Услыхав радостную весть, дракон взбодрился и заторопил Конана с отъездом. Было понятно, что путь до заветных островов займет не один день, и потому путешественники решили, что они все-таки купят большую лодку с парусом. По расчетам дракона к концу шестого дня они должны были уже оказаться у его берегов.
Обе гавани Ланки имели судоверфи, и киммериец исходил их из конца в конец, выбирая себе лодку с той тщательностью, с какой иной вельможа выбирает на невольничьем рынке рабыню.
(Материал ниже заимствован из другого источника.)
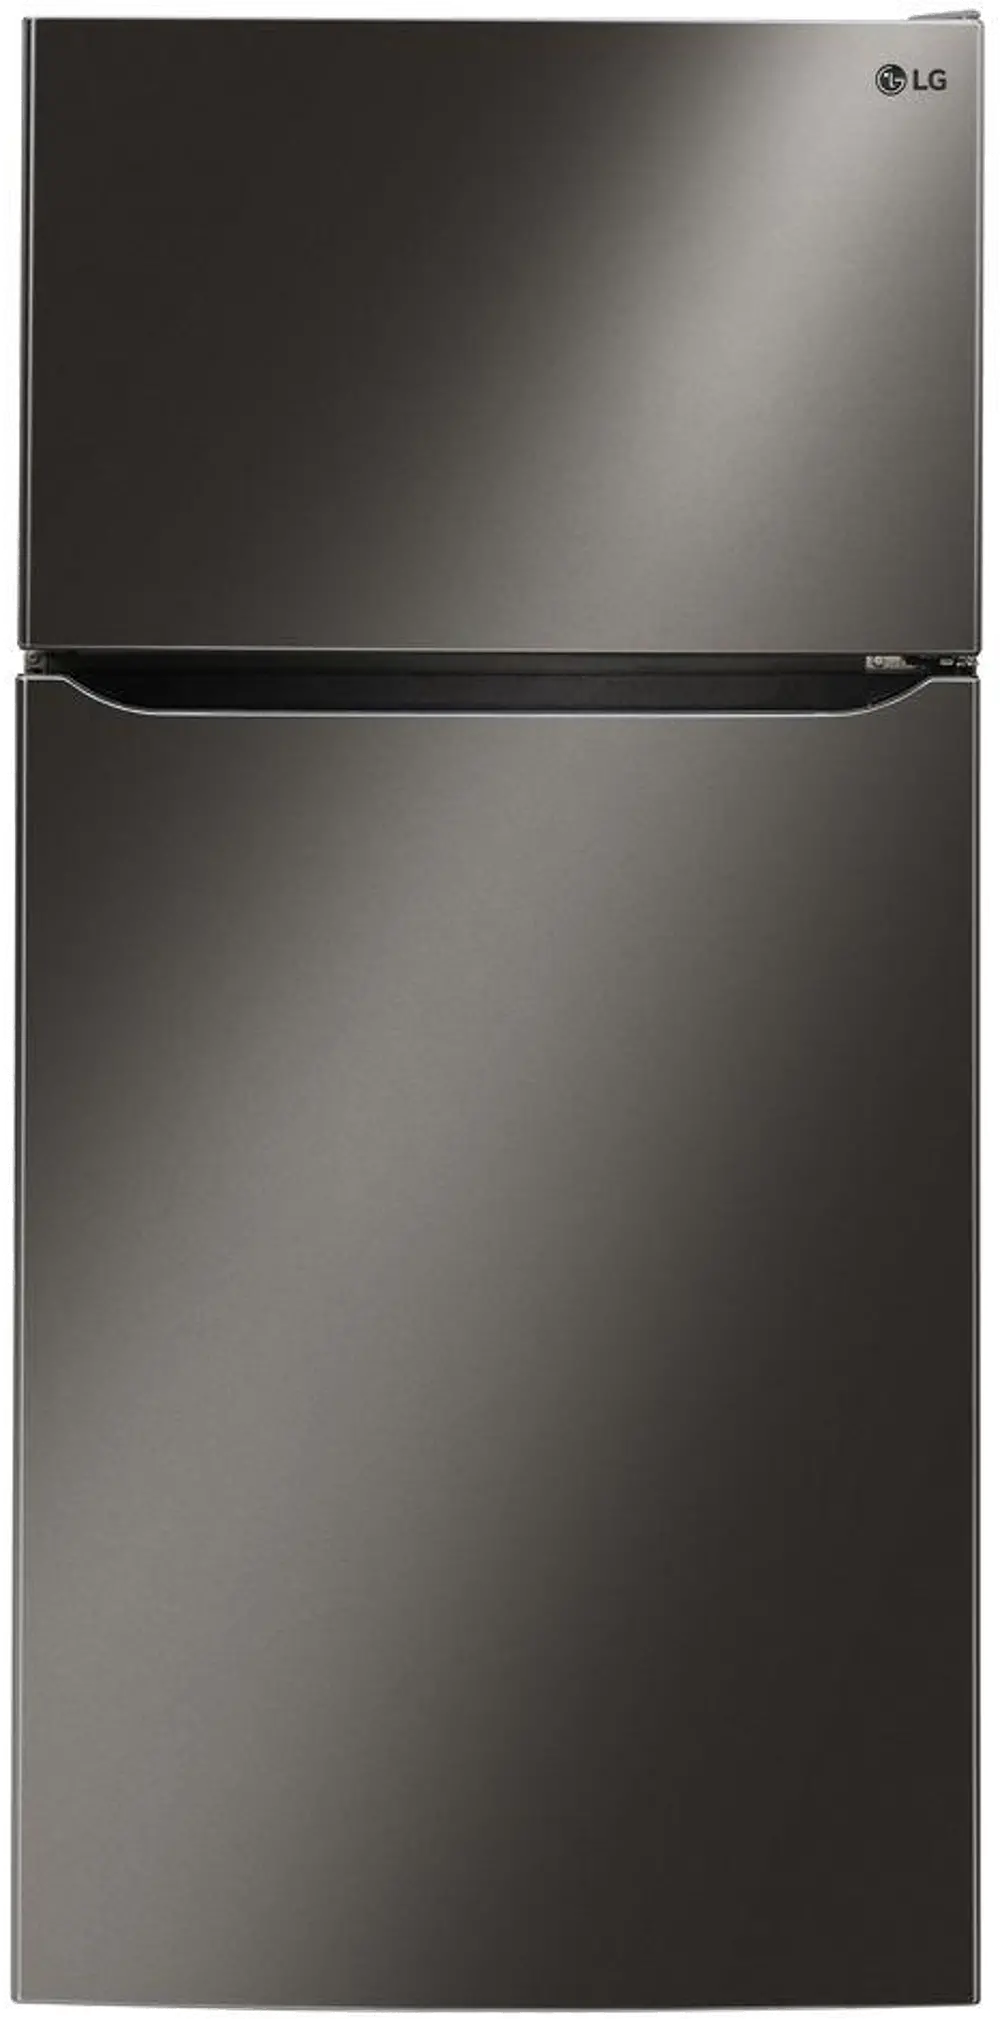 LTCS24223D LG 23.8 cu. ft. Top Freezer Refrigerator - 33 Inch Black Stainless Steel-1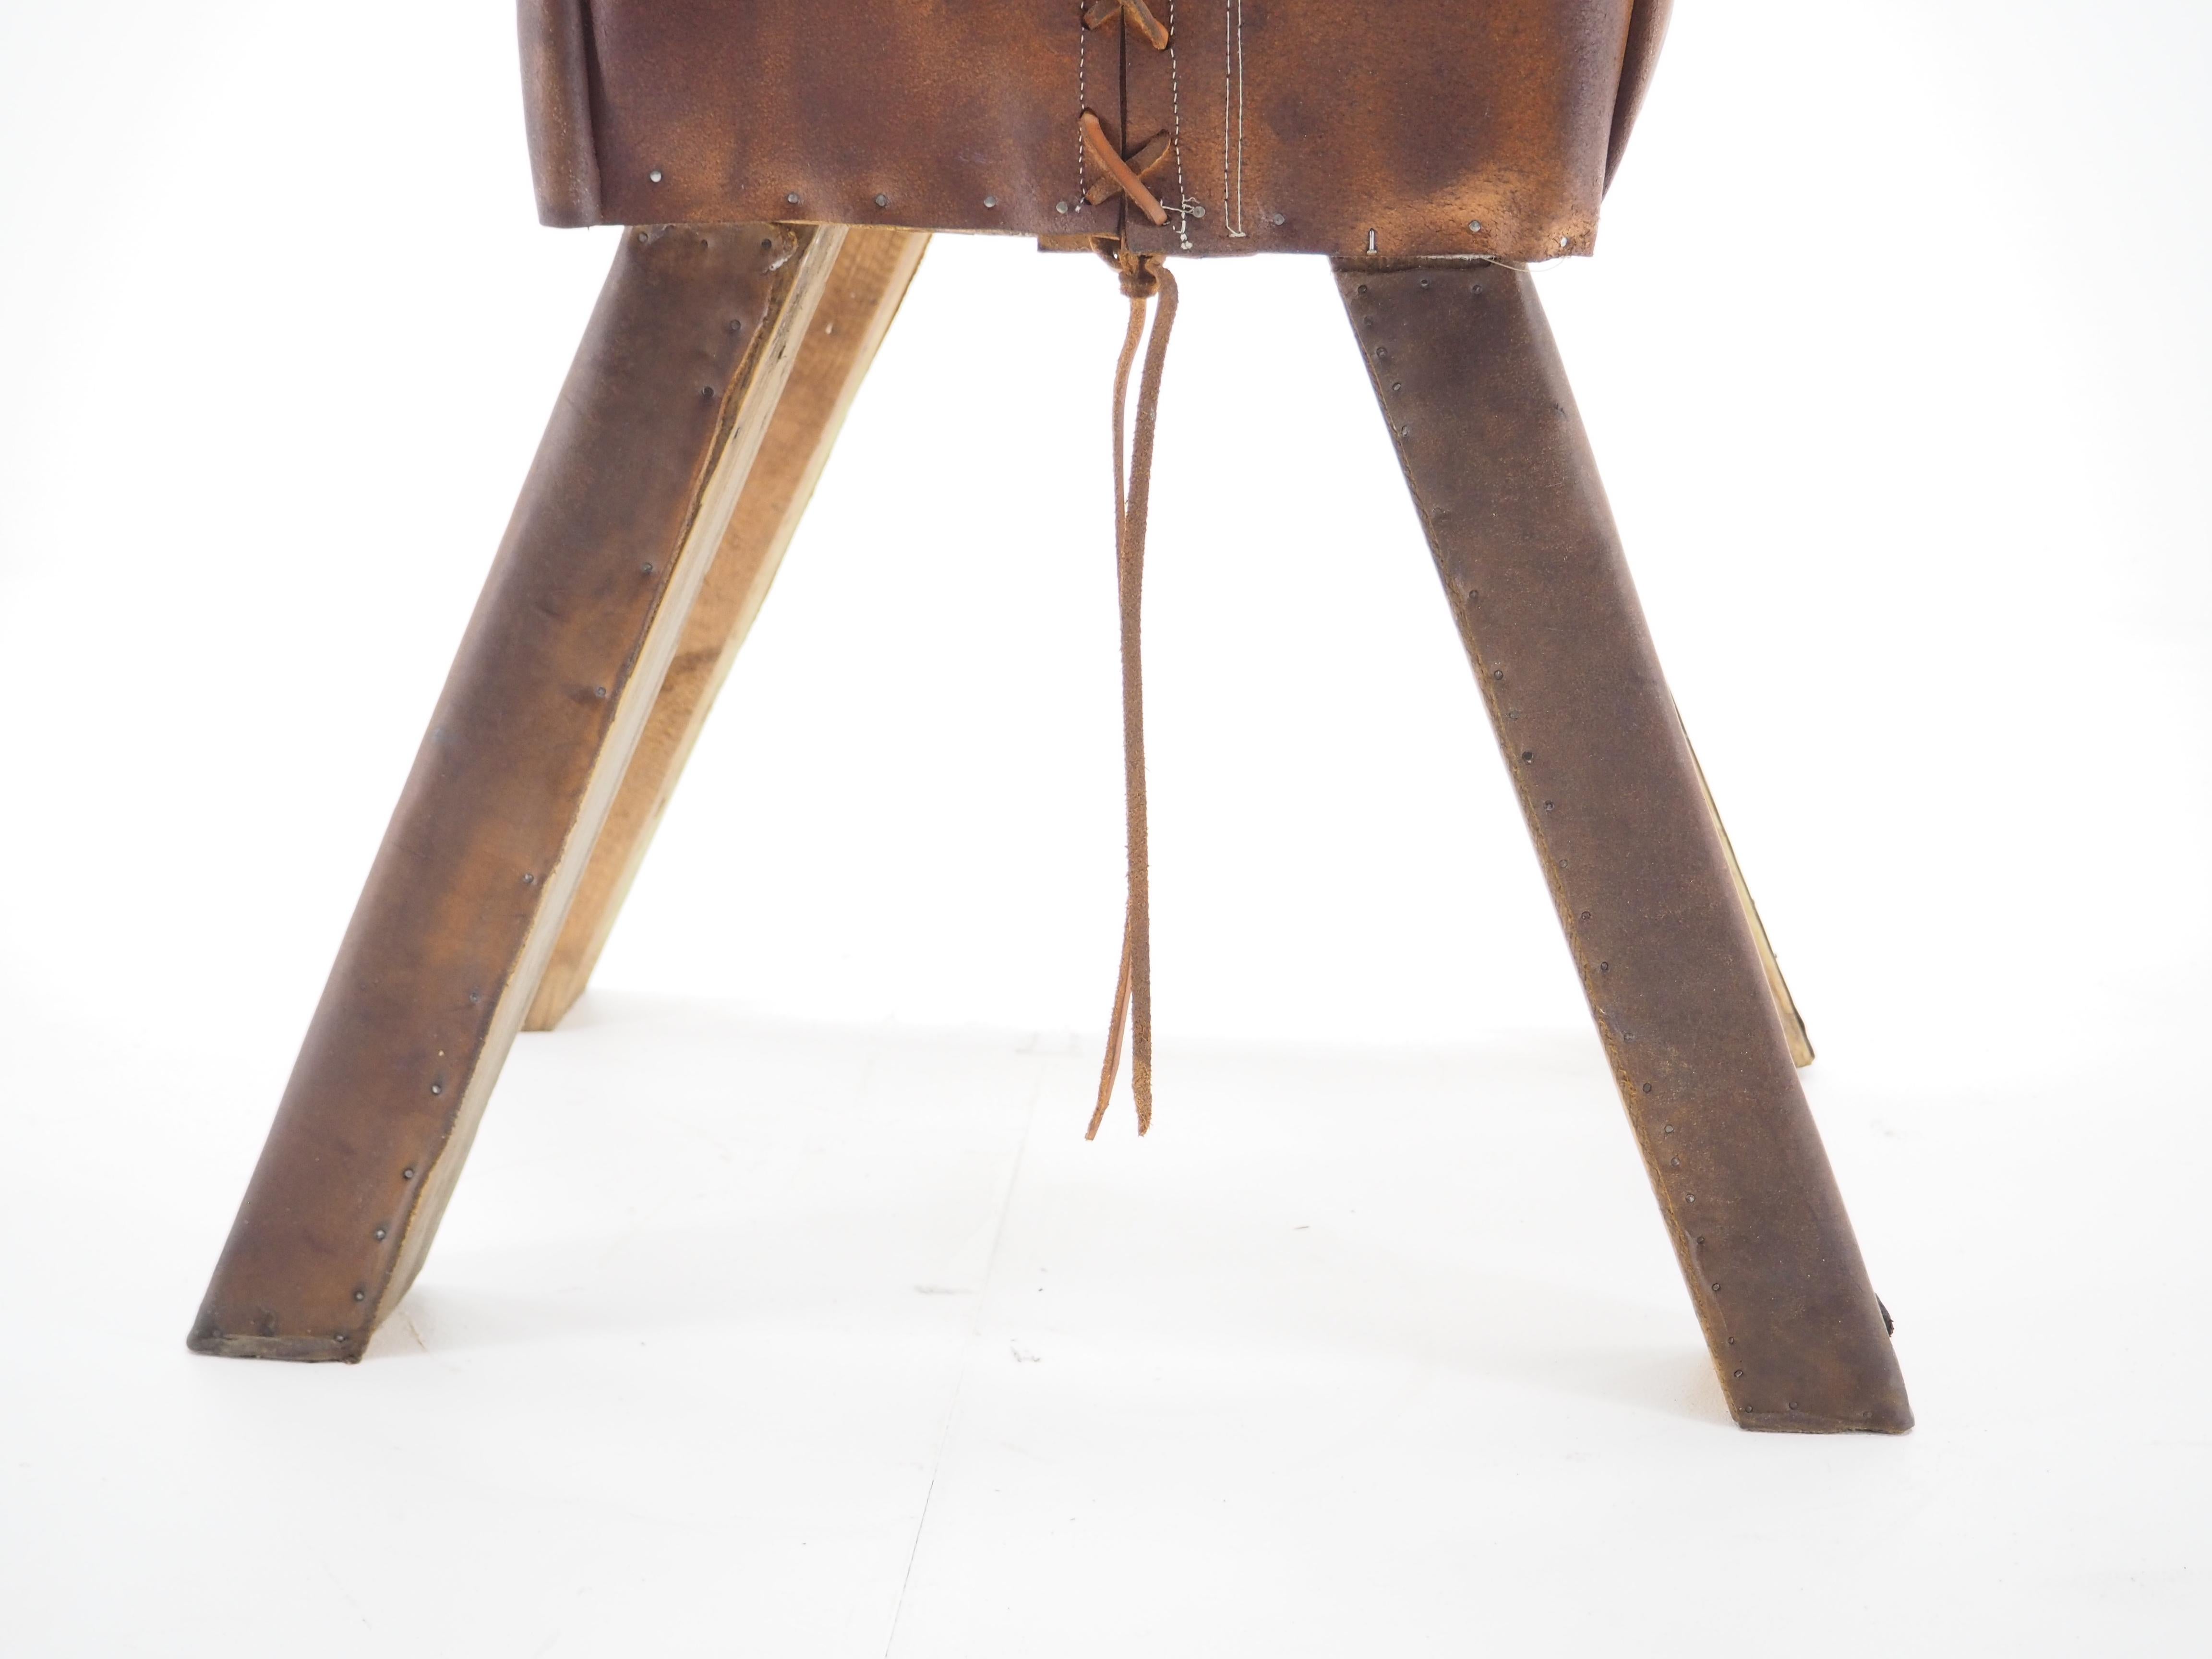  Stylish Industrial Leather Gymnastic Seat/Decoration/Aid 1

Еще один день ушел на то, чтобы опробовать новое судно и наполнить его всем необходимым для дальнего путешествия.
Лодку назвали «Остров Дракона», в память об одиноком островке посреди Лемурийского моря, где изгнанник промучился столько долгих лет в тоске и одиночестве. «А как же Раина?» — ехидно поинтересовался на это Конан. «С Раиной я был одинок более, чем когда-либо, — серьезно ответил Аридо. — Если бы не ее дивный голос, я утопил бы девчонку на третий же день».
Когда все наконец было собрано и можно было трогаться в путь, Аридо высвистал подходящий ветер, он наполнил новый, еще ни разу не сбрызнутый пеной парус, и долгое странствие началось.
Справляться с парусом и рулем дракон научился в первый же день. Хуже было другое: он постоянно норовил подогнать суденышко, и дважды чуть не перевернул его. Но к тому времени, как они, обогнув Уттарийский полуостров, вышли к Жемчужным Отмелям, Конан мог смело оставлять Аридо на ночь у руля. Это очень облегчило киммерийцу жизнь, потому что первые несколько дней путешествия он почти не спал.
Дракон тоже не спал, и это начинало на нем сказываться. Особенно это было заметно, когда он превращался обратно в дракона и плыл рядом с лодкой, иногда подталкивая ее. Бирюзовая чешуя словно поблекла, отросшие заново усы уныло повисли, глаза утратили блеск. Он купался все реже и реже, пока наконец не перестал вылезать из лодки совсем, часами неподвижно просиживая на корме в облике старого кхитайца, уставясь в море невидящими глазами.
Дни шли, а острова все не появлялись. Засыпая и просыпаясь, Конан видел одну и ту же картину: бескрайние синие волны и сгорбленная, нахохлившаяся фигурка на корме. То, что подходили к концу запасы еды, не слишком волновало киммерийца, море так и кишело всякой съедобной живностью, куда большей бедой было то, что кончалась пресная вода.
В мешке киммерийца, засунутом в самый дальний угол под скамью на корме, по-прежнему лежала бутыль драгоценного вина. Но, оглядывая большой ряд кувшинов, из которых только два оставались полными, Конан даже не вспоминал об этом лакомом кусочке. Он еще не терял надежды рано или поздно оказаться на Краю Света.
На утро десятого дня пути Конан, проснувшись, увидел, что дракон совсем плох. Даже в человечьем обличье он теперь выглядел так, словно его не один год морили голодом в стигийских подземельях. Он постарел, сгорбился и даже немного усох. Глаза его, в черных кругах опухших век, были мутны и бессмысленны. За рулем он, кажется, не следил вовсе.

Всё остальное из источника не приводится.